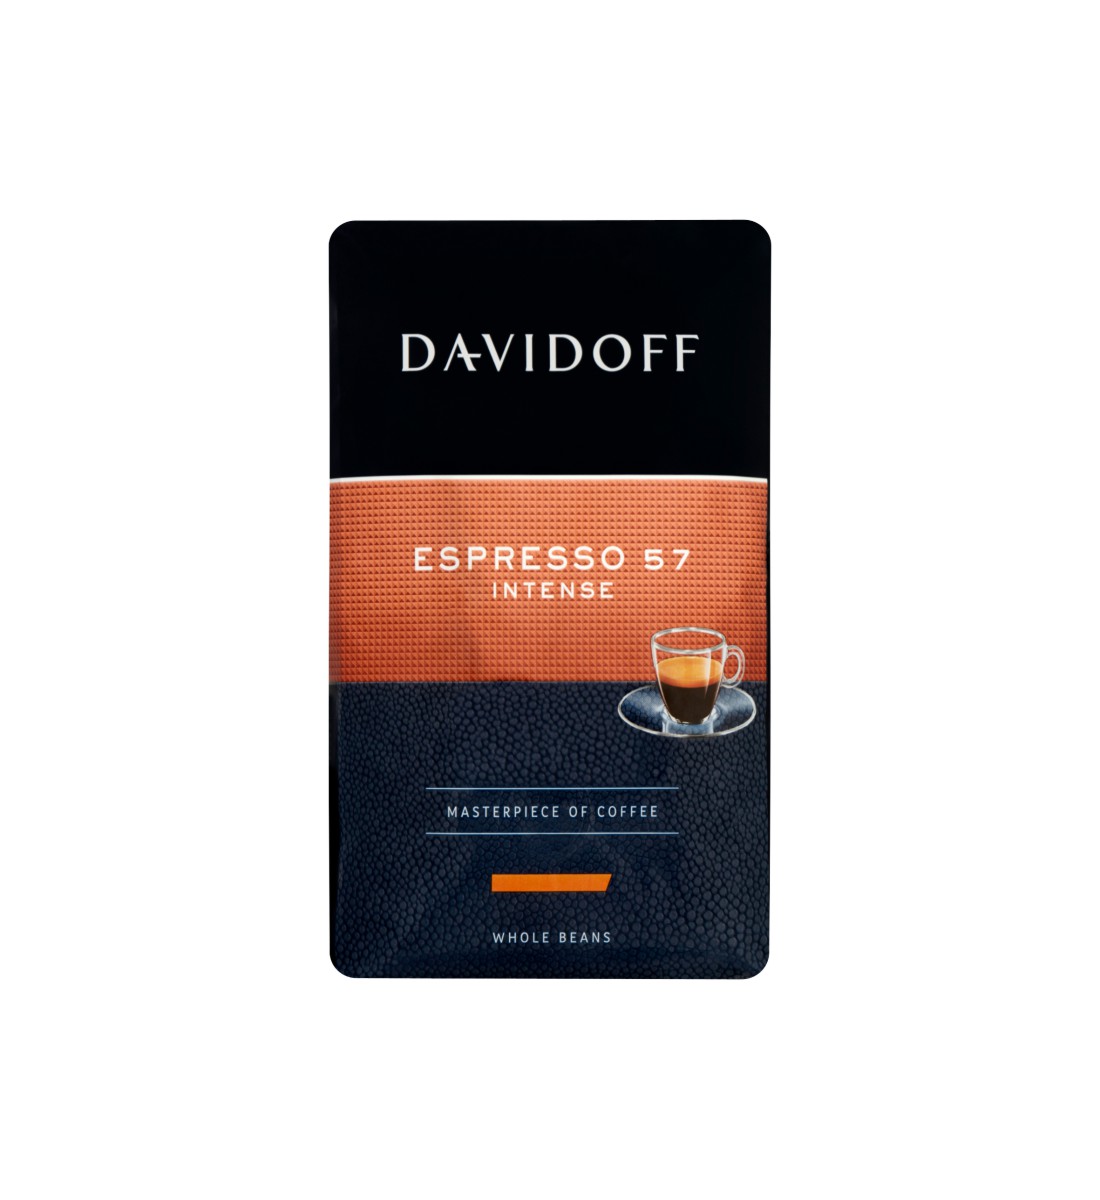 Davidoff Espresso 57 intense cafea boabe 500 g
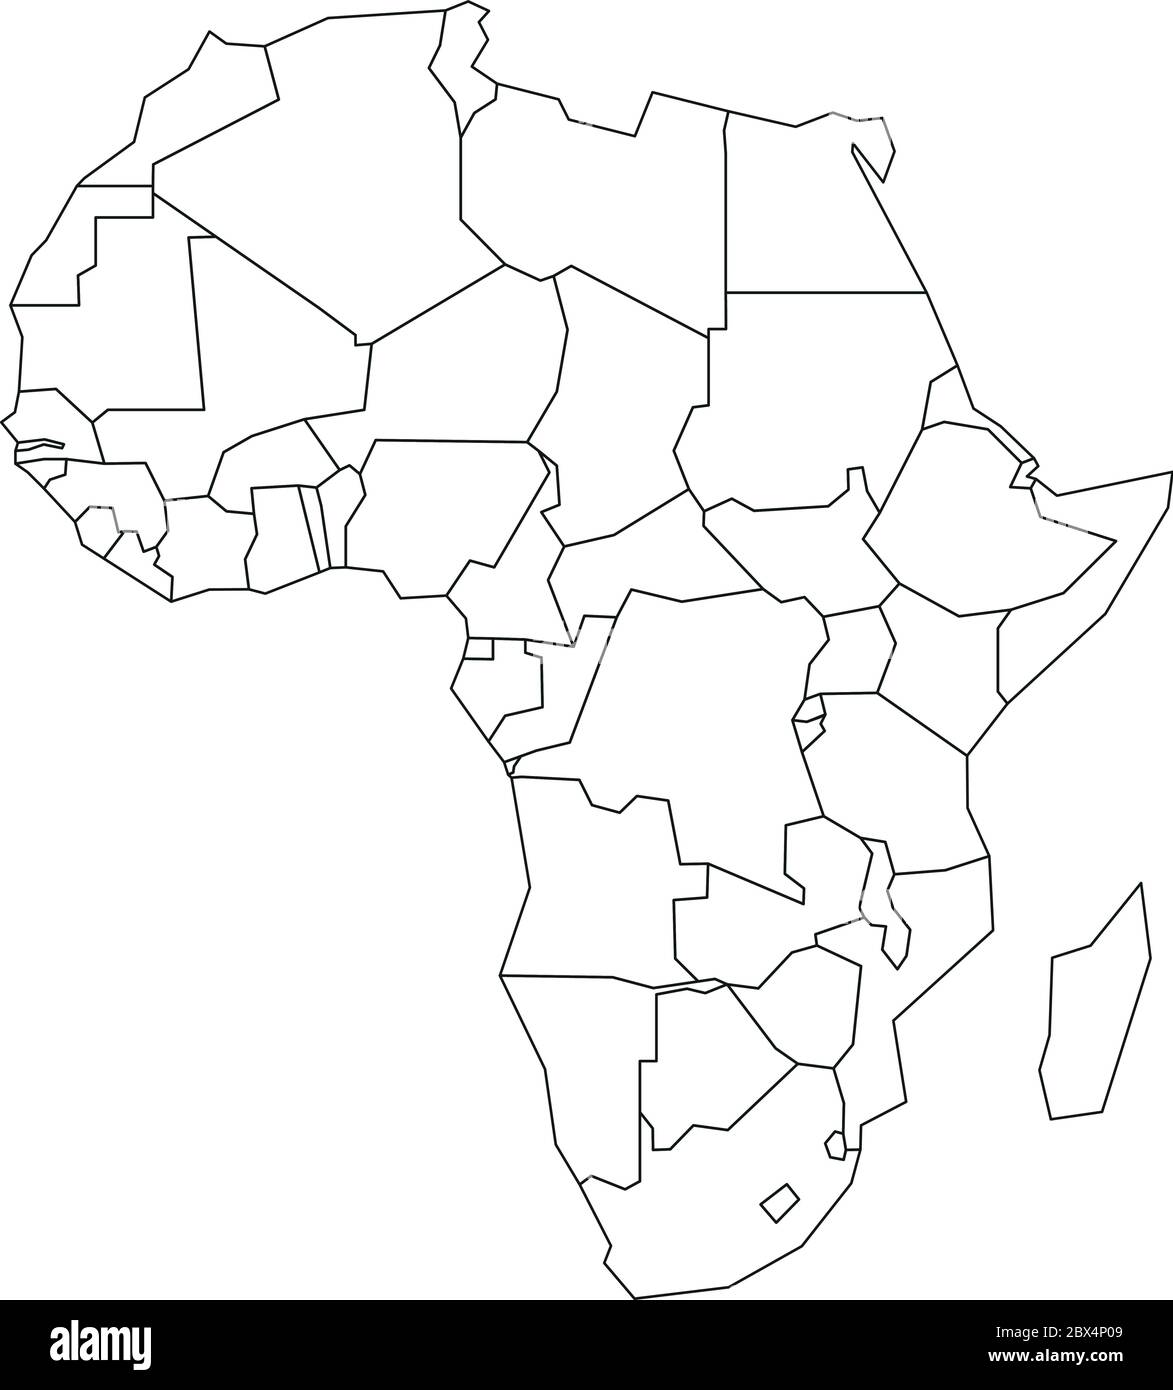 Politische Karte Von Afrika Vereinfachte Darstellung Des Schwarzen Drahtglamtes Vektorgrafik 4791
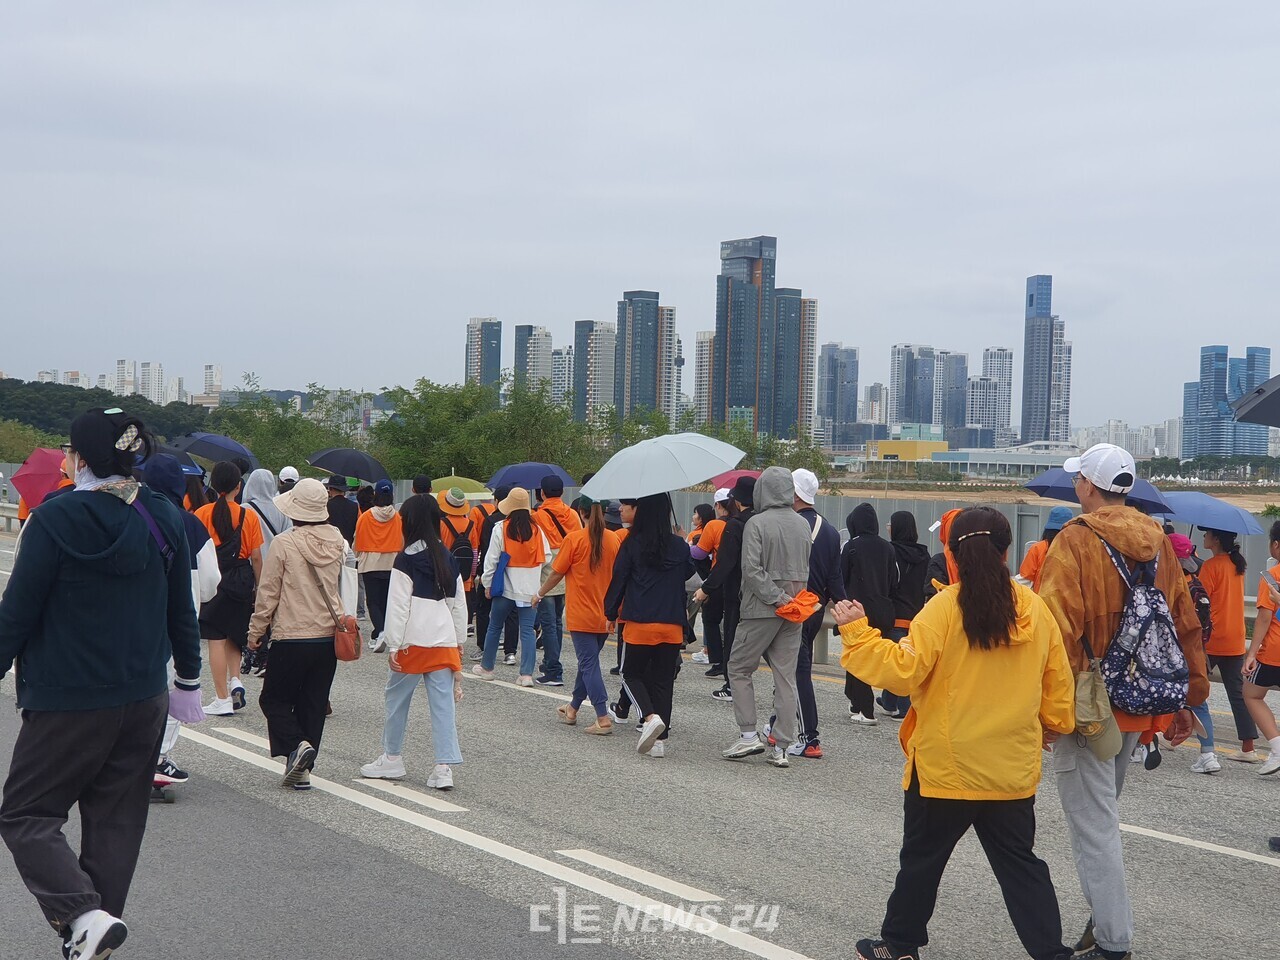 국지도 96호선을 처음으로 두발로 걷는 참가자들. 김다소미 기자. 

--

What is required: Pictures do not belong in the copy. Reproduce the rest of the data exactly.

Result of the task:
 Davidoff Espresso 57 intense cafea boabe 500 g
 Politische Karte Von Afrika Vereinfachte Darstellung Des Schwarzen Drahtglamtes Vektorgrafik 4791
 국지도 96호선을 처음으로 두발로 걷는 참가자들. 김다소미 기자. 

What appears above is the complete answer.